Saturday, April 29, 2017

Talking Tribeca: The Exception

I’ve had the pleasure of screening a number of selections from this year’s Tribeca Film Festival, which takes place April 19th-April 30th.

The Exception
Directed by David Leveaux
Festival Screenings

Most films contain more than one storyline. At the very least, there may be multiple characters, all of whom play a central role and whose individual plotlines diverge as the film progresses, likely ultimately culminating towards the end of the film when everything comes together. In those cases, it’s fair to assume that one part or element may be stronger than the others, and it could even be that the film as a whole might have been better had it focused solely or more intensively on its more compelling assets.

Captain Stefan Brandt (Jai Courtney) is a Nazi officer who, after an unexplained incident, is transferred to Holland to serve as the head of the guard for the exiled former ruler of Germany, Kaiser Wilhelm II (Christopher Plummer). While there, Brandt meets Wilhelm’s wife Hermine (Janet McTeer), who is eager to see her husband returned to the throne, Colonel Sigurd von Ilsemann (Ben Daniels), Wilhelm’s loyal aide, and Mieke de Jong (Lily James), a newly hired maid. As Brandt builds a close but forbidden relationship with Mieke, he is tasked with finding the spy operating within Wilhelm’s complex, an assignment that proves to be more difficult than expected when he discovers the spy’s identity.

The Nazi captain’s affair with the maid who harbors secrets takes center stage in the film’s setup and even serves as the reason for its title - Brandt is the exception, a good man who wears the Nazi uniform. Yet that love story with all of its complexities isn’t what makes this film appealing. Instead, it’s the spotlighting of a deposed ruler, one who has been in exile for so long that he is no longer used to communication with the outside world, let alone a regime which punishes negative language about its commanders or policies with unforgiving efficiency. To see how Wilhelm operates and how he interacts on a daily basis with his inner circle and with visitors is immensely interesting.

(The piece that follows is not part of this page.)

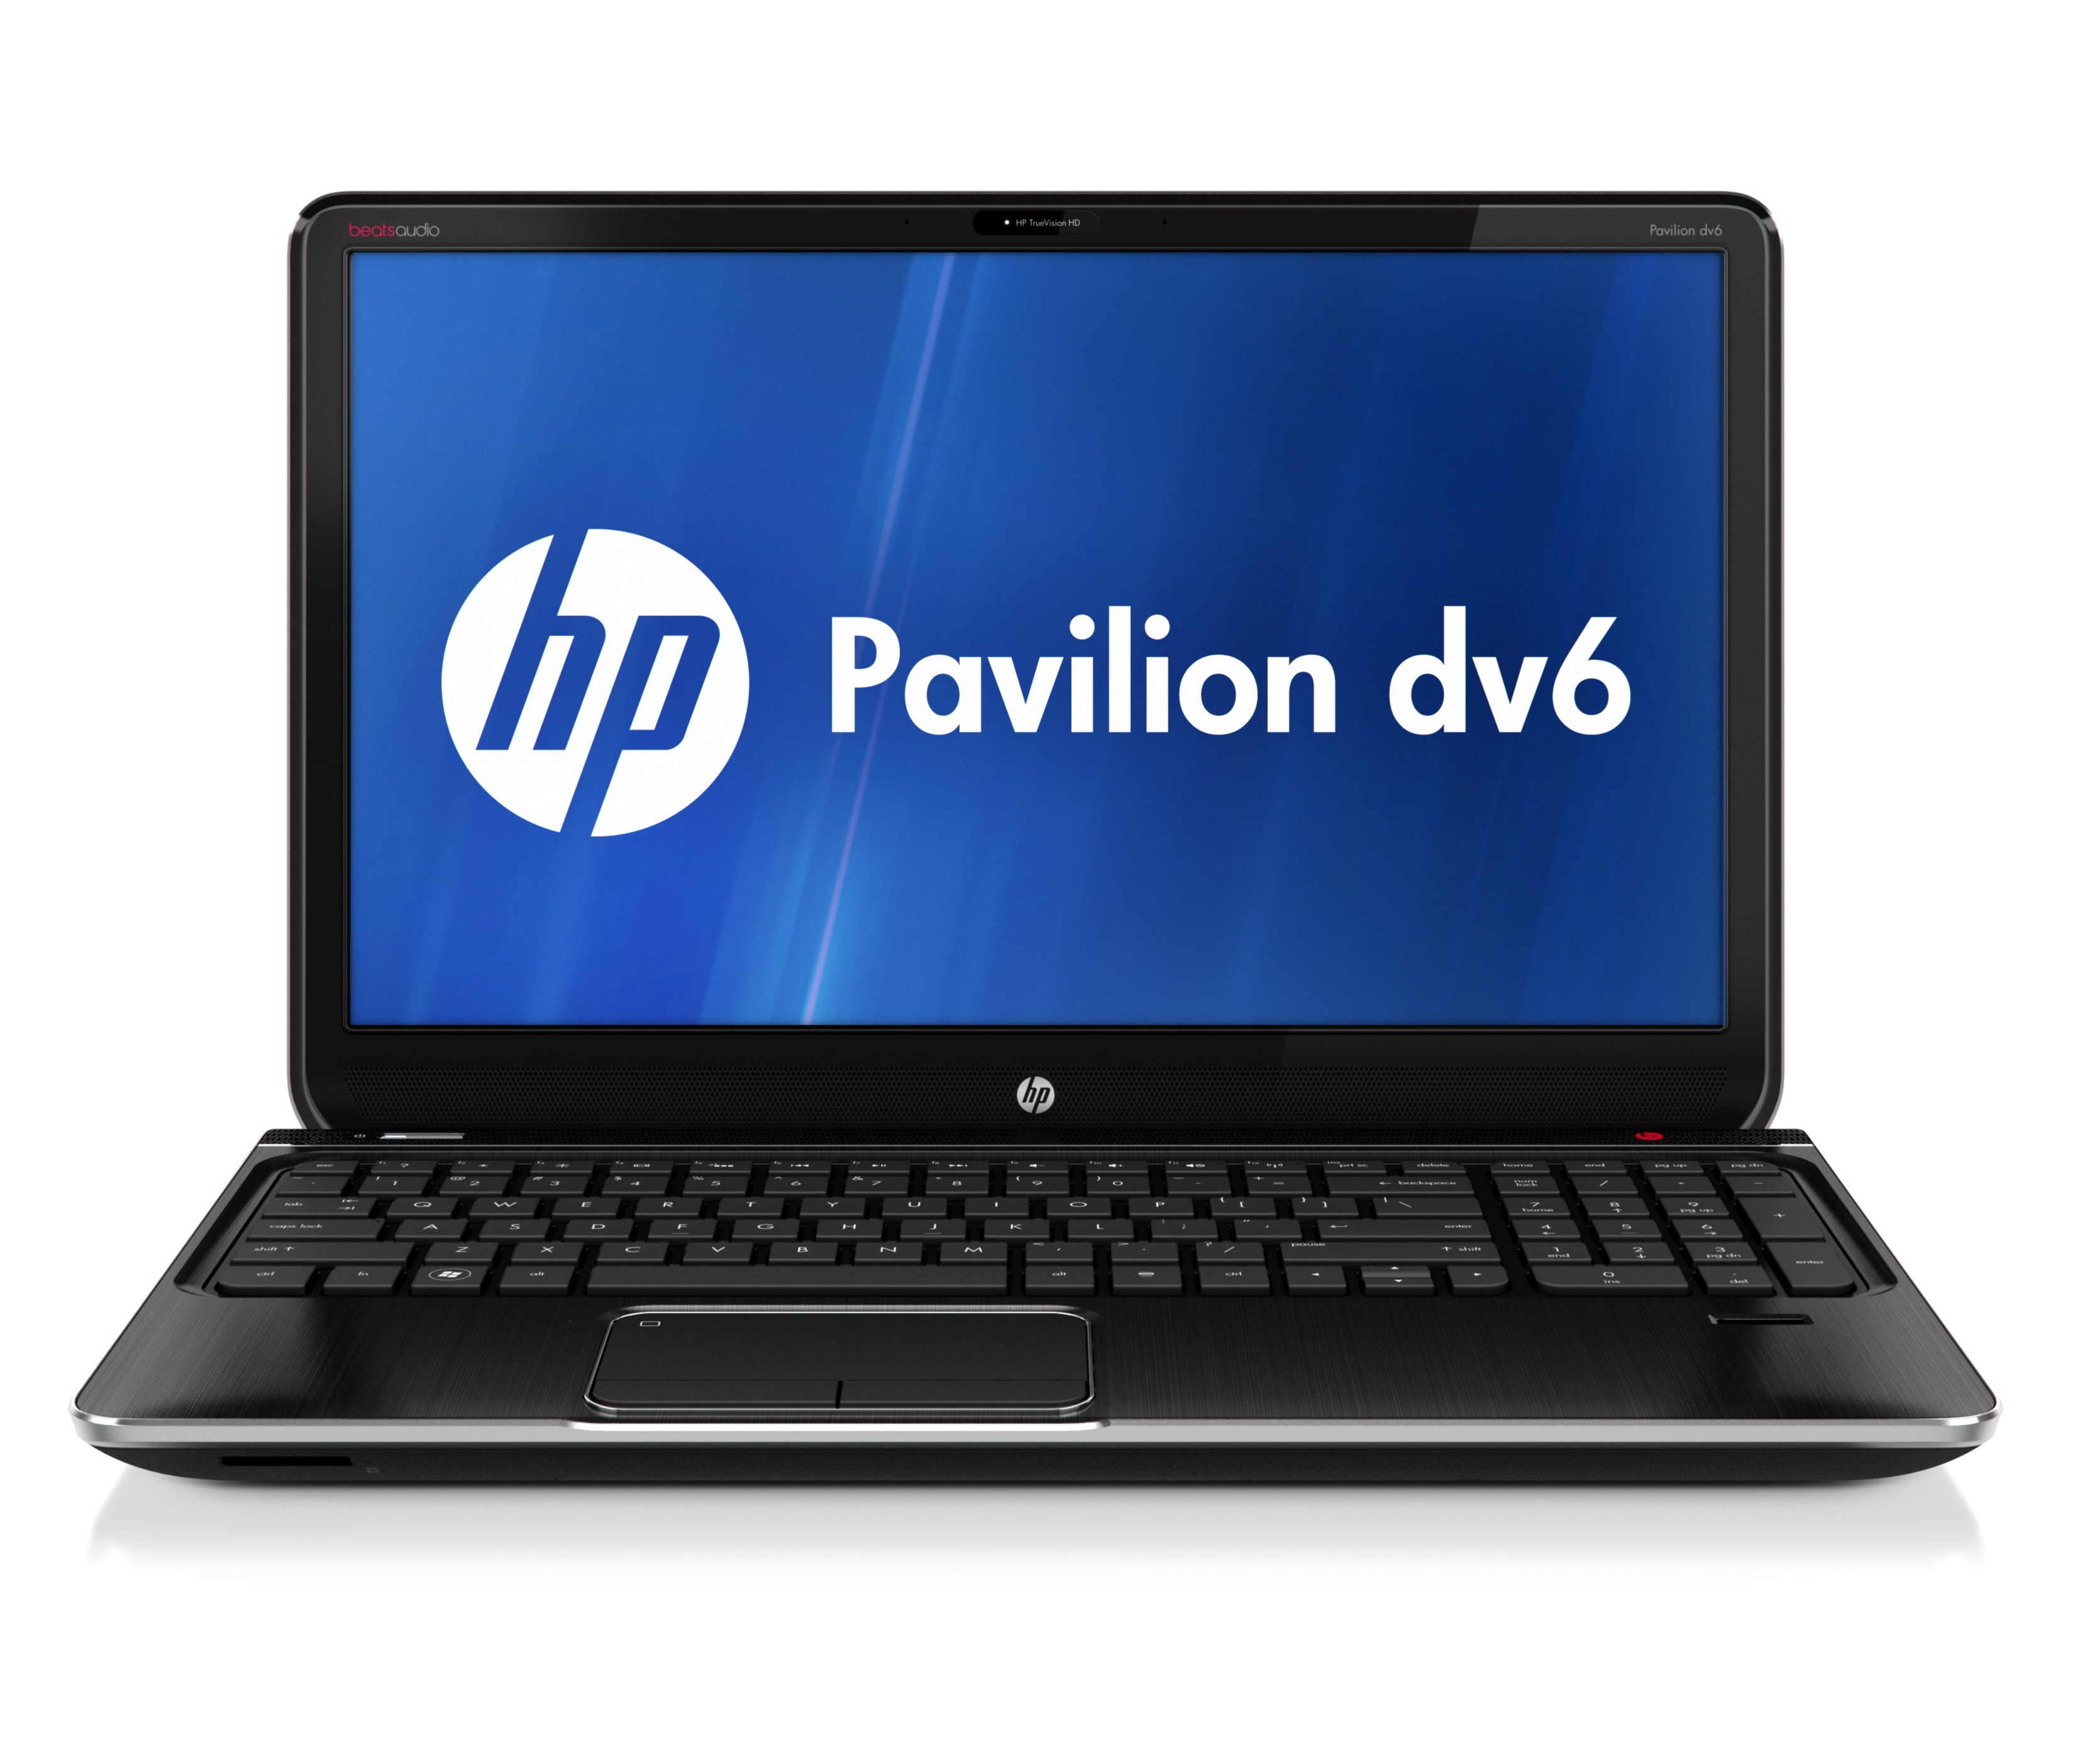 Specs Hp Pavilion Dv6 7104ea 39 6 Cm 15 6 Hd 3rd Gen Intel Core I7 8 Gb Ddr3 Sdram 750 Gb Hdd Nvidia Geforce Gt 630m Wi Fi 4 802 11n Windows 7 Home Premium Black Notebooks B6k60ea

Plummer, who won an Oscar in 2011 for “Beginners” and is now eighty-seven years old, received a well-deserved standing ovation and plenty of respect at the U.S. premiere of this film at Tribeca. His turn as Wilhelm is full of emotion and intensity, and it’s wonderful to see that Plummer shows no signs of slowing down this decade. McTeer and Daniels provide ample support, with Courtney and James doing their best to steer a less-than-enthralling subplot mistaken for the main focus of this film. This film, best described as a fictional historical drama, will be most remembered for Plummer’s performance and the strength of the character he portrays.